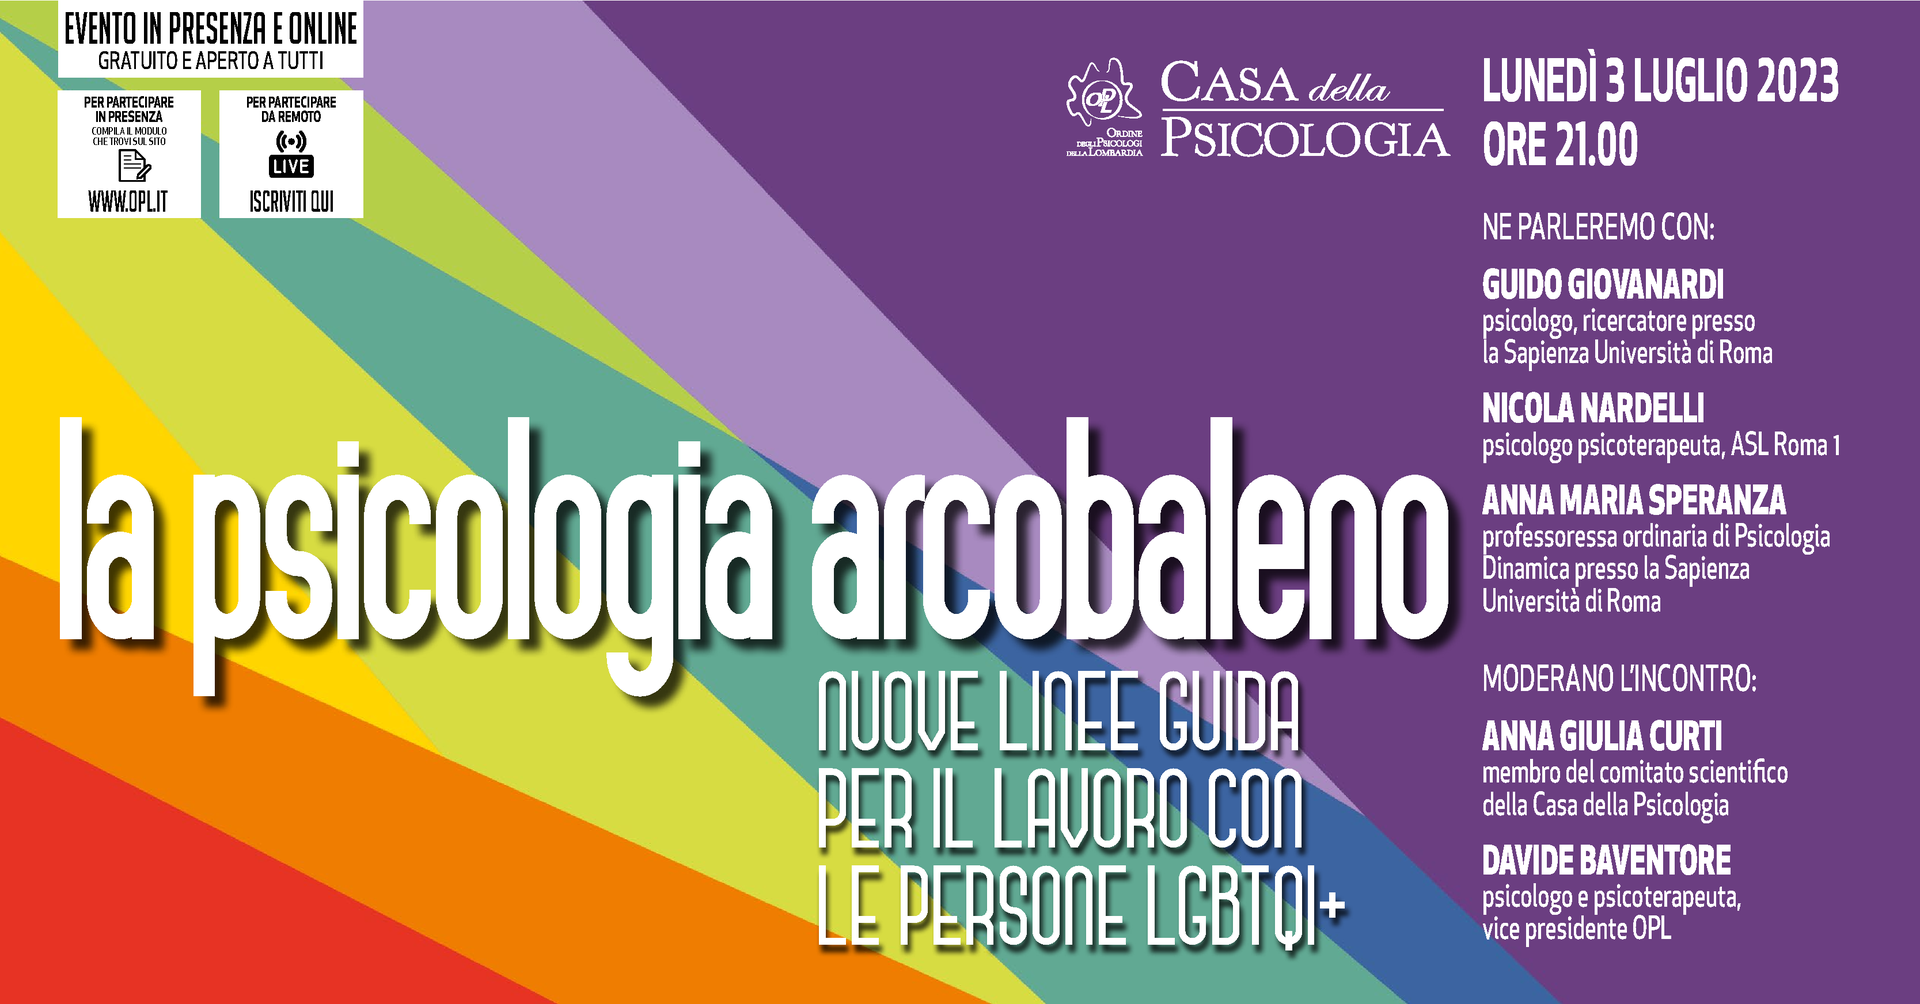 🌈 REMINDER partecipa questa sera - Casa della Psicologia - La psicologia arcobaleno. Nuove linee guida per il lavoro con le persone LGBTQI+
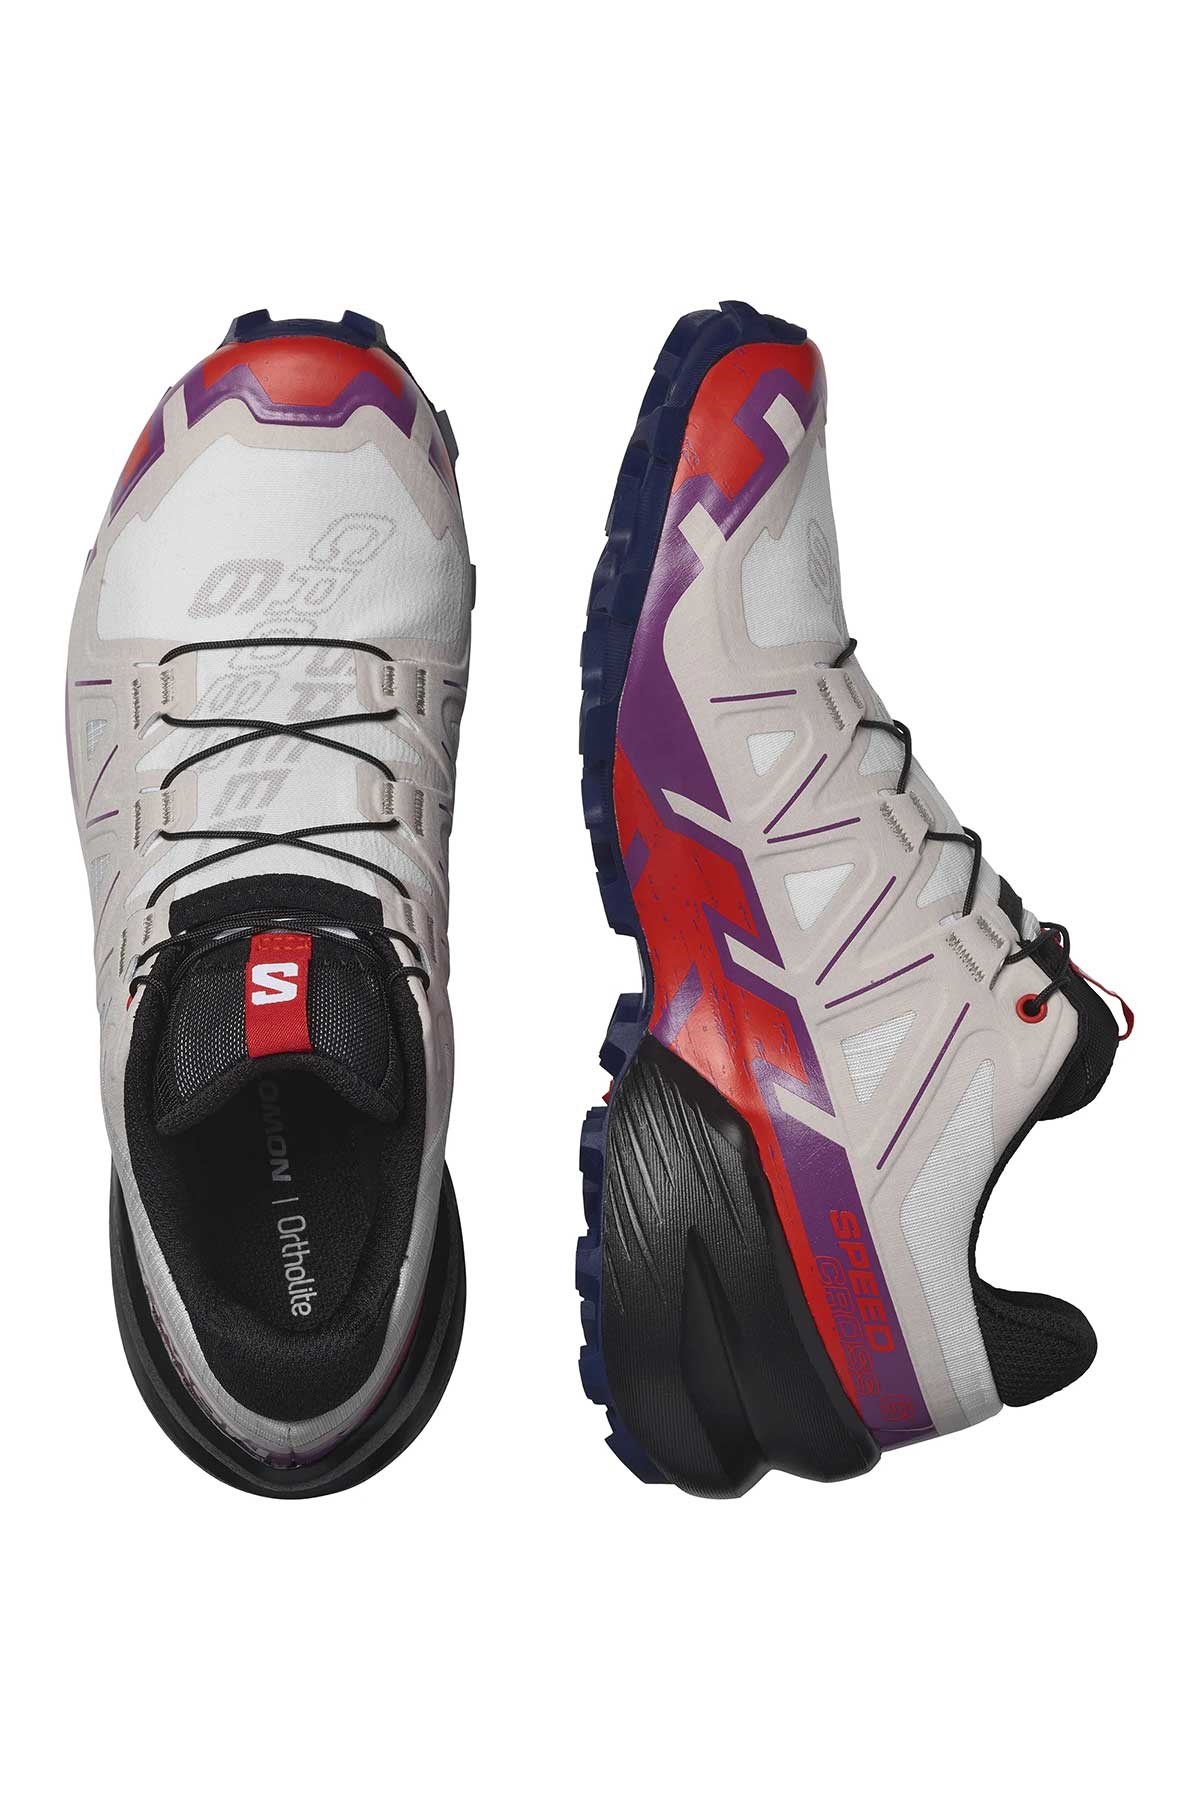 Salomon Speedcross 6 Kadın Beyaz Outdoor Ayakkabı (L41743200)
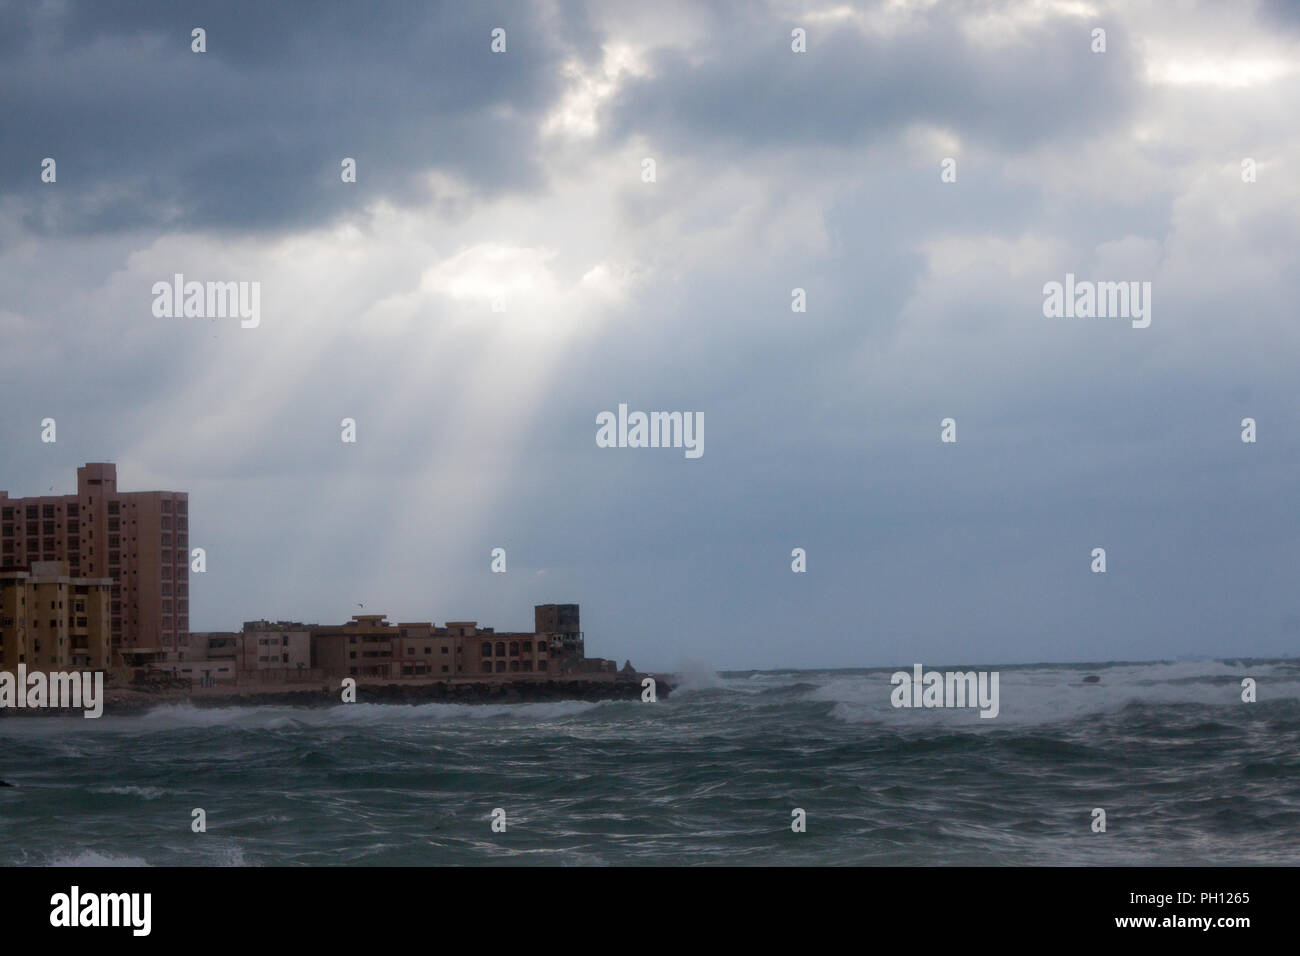 Citadel of Qaitbay Alexandria,Cairo,Egypt 2013 Stock Photo
-*-
TASK INSTRUCTIONS:
What the answer needs is every line from the one containing "Salomon Speedcross 6" through the final line of the data above, copied exactly, without pictures.

EXERCISE SOLUTION:
 Salomon Speedcross 6 Kadın Beyaz Outdoor Ayakkabı (L41743200)
 Citadel of Qaitbay Alexandria,Cairo,Egypt 2013 Stock Photo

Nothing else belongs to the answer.